Focus on multi-key phrase generation method [Ushiku+, ACMMM 2012]

In recent years, deep learning-based image caption generation techniques have been attracting attention. The key feature is that it generates completely new sentences instead of reusing sentences from the dataset. Our lab is also actively working on caption generation using deep learning, leveraging our unique insights gained over the years. In 2015, we proposed "CoSMoS (Commons for Similarity and Model)", which enables the measurement of similarity by projecting the features of images and captions into the same space. This similarity can be used to generate image captions with high accuracy. We achieved the world's highest performance at the time by combining this with AlexNet, the baseline for deep learning-based image feature extraction model.

In addition, while traditional image caption generation methods could use global information, they often overlooked local information. To address this, we introduced "Spatial Pyramid VLAD Coding", which divides the image into several regions and integrates the information obtained from each region. This allows us to correctly describe content that depends on local information.

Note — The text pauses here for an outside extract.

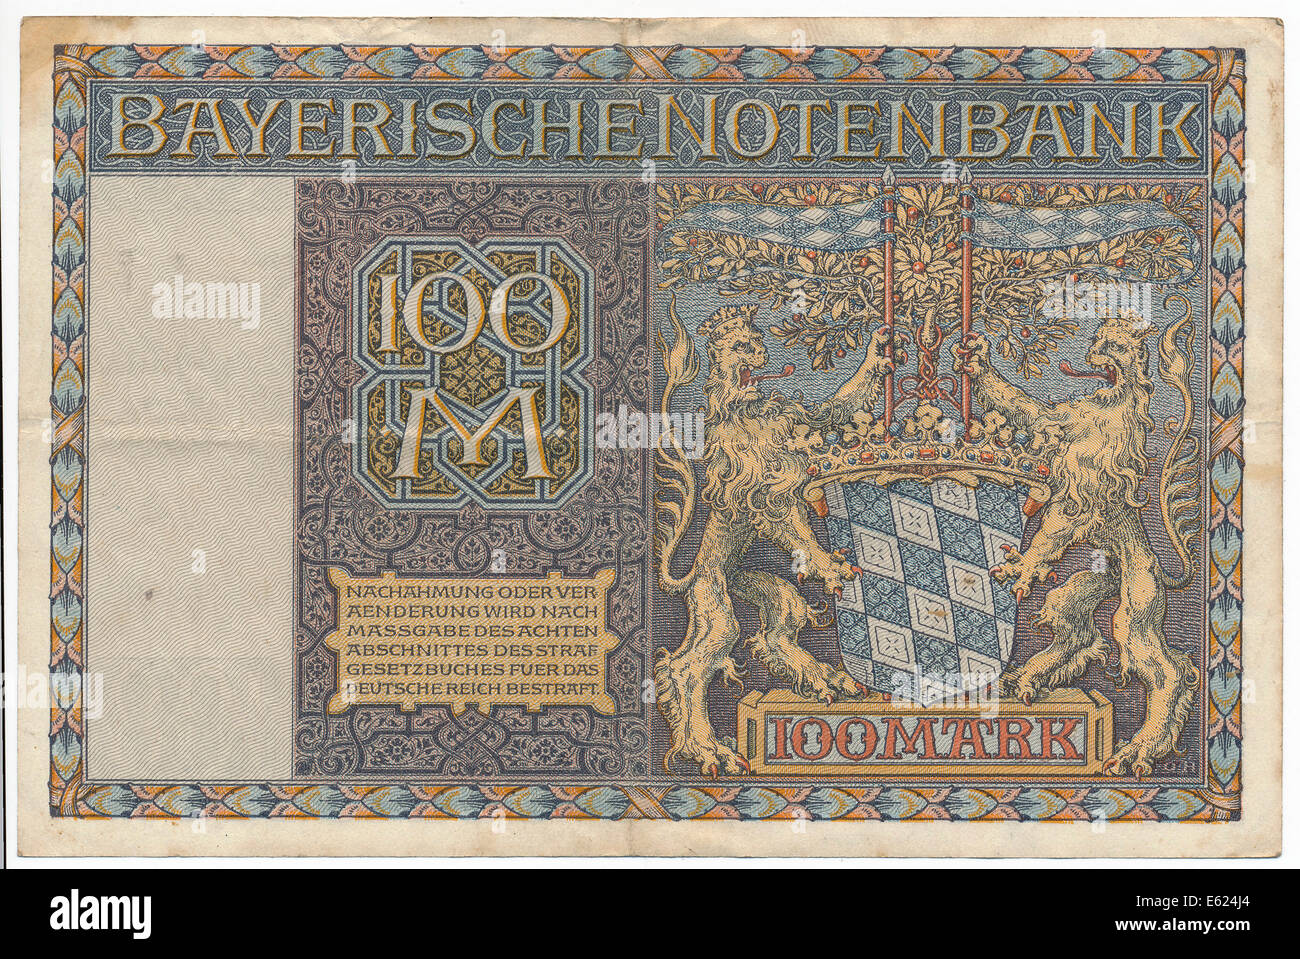 Old banknote, 100 marks, back, Bayerische Notenbank, Bavarian Central Bank, 1922 Stock Photo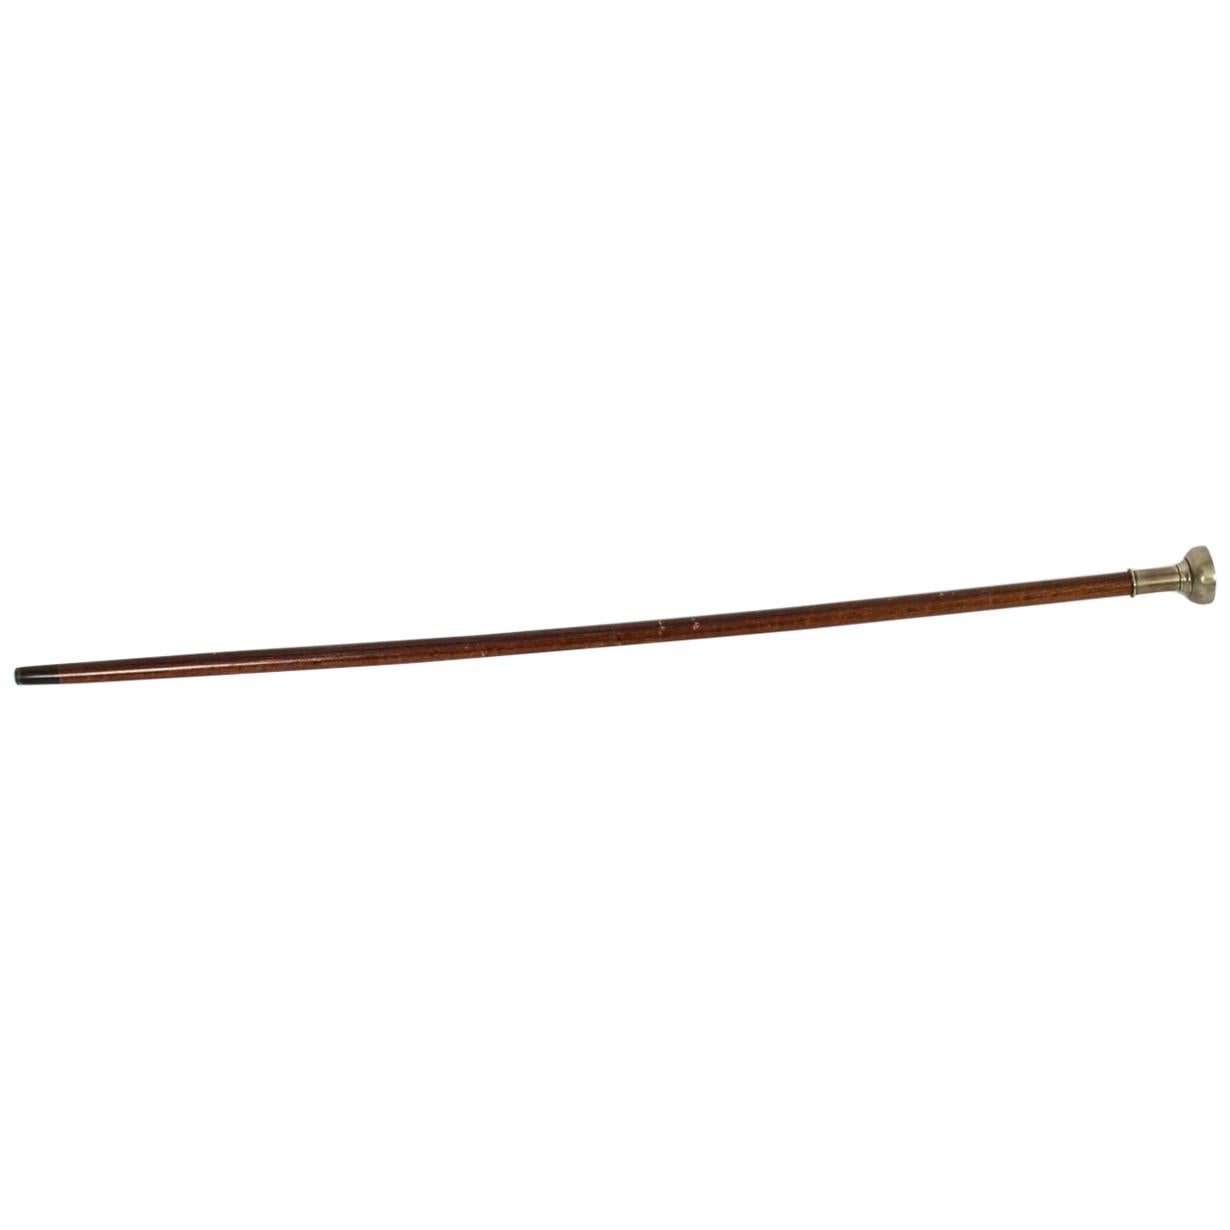 Antique Edwardian Walking Stick Cane Silvered Pommel, Early 20th Century

Traditional image caption generation methods could only describe facts and couldn't handle subjective impressions (i.e., sentiment). In response to this, we succeeded in generating captions that include sentiment by training not only a network that handles objects but also a network that handles sentiment. Furthermore, we are working on generating a "story" that includes multiple sentences and subjective emotional changes. In this research, we can generate a story with emotional changes about an image by specifying the subjective emotional change in the story as an "Emotion Arc". Technology to generate a story from an image is expected to attract attention in the future from the perspective of AI's creativity and support for creators.

Image caption with sentiment [Andrew+, BMVC 2016]

Story generation about an image [Uehara+, WWW workshop 2022]

Large-Scale Vision & Language Models

Since the release of GPT-3, research into Large Language Models (LLMs), which have massive trainable parameters, has become very popular, especially in the field of text generation. This trend of scaling up models has also been applied in the study of Vision & Language, leading to the proposal of large-scale models like BLIP-2 and LLaVA, which have billions of parameters. Our lab is also working on training large-scale Vision & Language models. In our recent research, we focused on the existing large-scale Vision & Language models' lack of ability to explain their reasoning process and to engage in interactive dialogues with users. Therefore, we proposed a method called "Chain-of-Reasoning (CoR)" that explains the reasoning process and generates questions when there is uncertainty in the inference. Moreover, training such large models requires the use of high-performance computing with multi-node distributed learning technology. In this research, we used four DGX A100s (80GB) for multi-node distributed learning, allowing for fast and large-scale training.

Future Directions

The accuracy of image recognition is continually improving, and so is the performance of natural language generation models. Image caption generation, for example, is a task that involves two modalities: images and language. This type of research, which targets multiple modalities, is called "multimodal learning." Our lab is advancing research in multimodal learning that includes not only images and language but also sound, video, etc.